53 Equally, it seems to me that because of cl 1(e)(iii), conditions that might be devised could conceivably relate to cl 1(g), although the matter is a more difficult one to determine.
54 Clause 1(g)'s plain words might be read to suggest that cl 1(e) has no role to play with respect to cl 1(g). On the other hand, I must bear steadily in mind that answers to questions here are for the purpose of informing the final decision, which is an exercise of discretion. After the answers have been returned, and even if cl 1(e) is not directly an answer to cl 1(g), the possibility of conditions that deal with offending of such a serious nature might still be relevant.
55 On the other hand, cl 1(g) is in a form which suggests the concern of the legislature is not with possible future conduct, but simply with the conduct that did in fact occur.

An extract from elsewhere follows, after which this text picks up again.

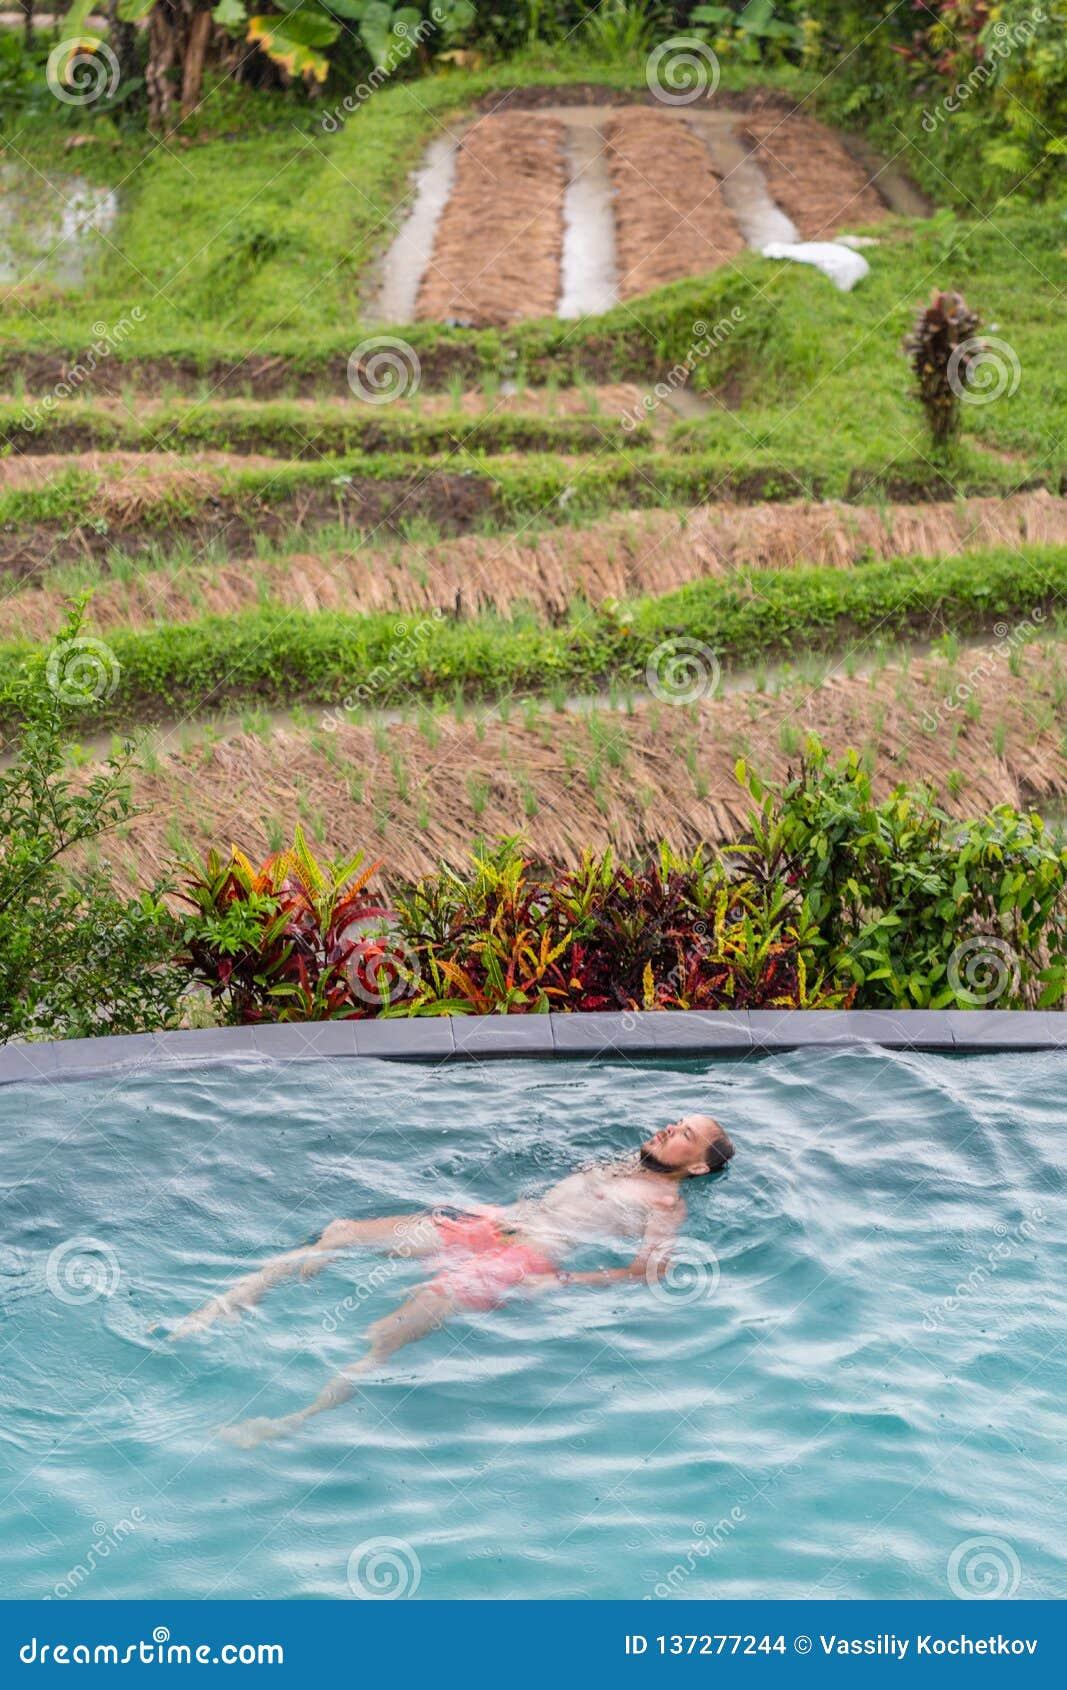 豪华旅游胜地 放松在无限游泳池水中的人 享受夏天旅行的美好的愉快的健康男性模型

If that is the case, then cl 1(e) would indeed have no role at all to play.
56 I do not believe in the circumstances of this case I have to resolve finally that matter.
57 I consistently remind myself that I have been dealing with matters which are at the level of allegations. There are matters of the reliability of evidence that I have referred to, and I should in addition refer to the matter of the unwell state of the victim at the time of the relevant offending allegations; although it was not suggested that she was at that stage suffering from a sobriety problem, having to do with matters of drug use or a naltrexone implant, to which her witness statement refers. Those are matters of course in another context.
58 I have carefully reviewed the answers to the questions that I have described. In my view, there is a significant possibility of the matters referred to in cl 1(a)(ii) - (iv); and the circumstances which give rise to my conclusion in that regard are circumstances for which in respect of cl 1(e) my conclusion on the answer to the question there is that it is a matter of grave doubt to me that there is any condition which could reasonably be imposed under pt D, as described in cl 1(e). That includes home detention as a possibility.
59 So far as cl 1(g) is concerned, it seems to me that the offending is indeed at least strongly arguably of such a serious nature as to make a grant of bail inappropriate. However, in view of my answer to cl 1(a)(ii) - (iv), in the final analysis I do not believe that I have to finally determine whether cl 1(e) has a role to play with respect to cl 1(g). Were to I consider that it did, I do not believe that the answer with respect to cl 1(g) is any different than it was with respect to cl 1(a)(ii) - (iv), namely that there is not any condition which could reasonably be imposed to remove cl 1(g).
60 That simply gives me the answers to the questions applicable in this case from sch 1 pt C cl 1. There is a further matter, however - Mr Manera did not press it hard, but did indeed draw it to my attention clearly in a number of points - and that is the length of time that the applicant will have spent in custody before the earlier stage at which a trial might reasonably occur. That period will exceed 12 months, and there exists substantial authority that that should indeed engage the concern of the court. That concern seems to me to fall within the category of cl 1, any other matters which the judicial officers considers appropriate. It is a factor to be weighed with the answers in the weighing or balancing process described in Milenkovski.
61 Having weighed all of these matters of the answers to the questions, and the time in custody were bail not to be granted, I have concluded on balance that I would not grant the application for bail in this case.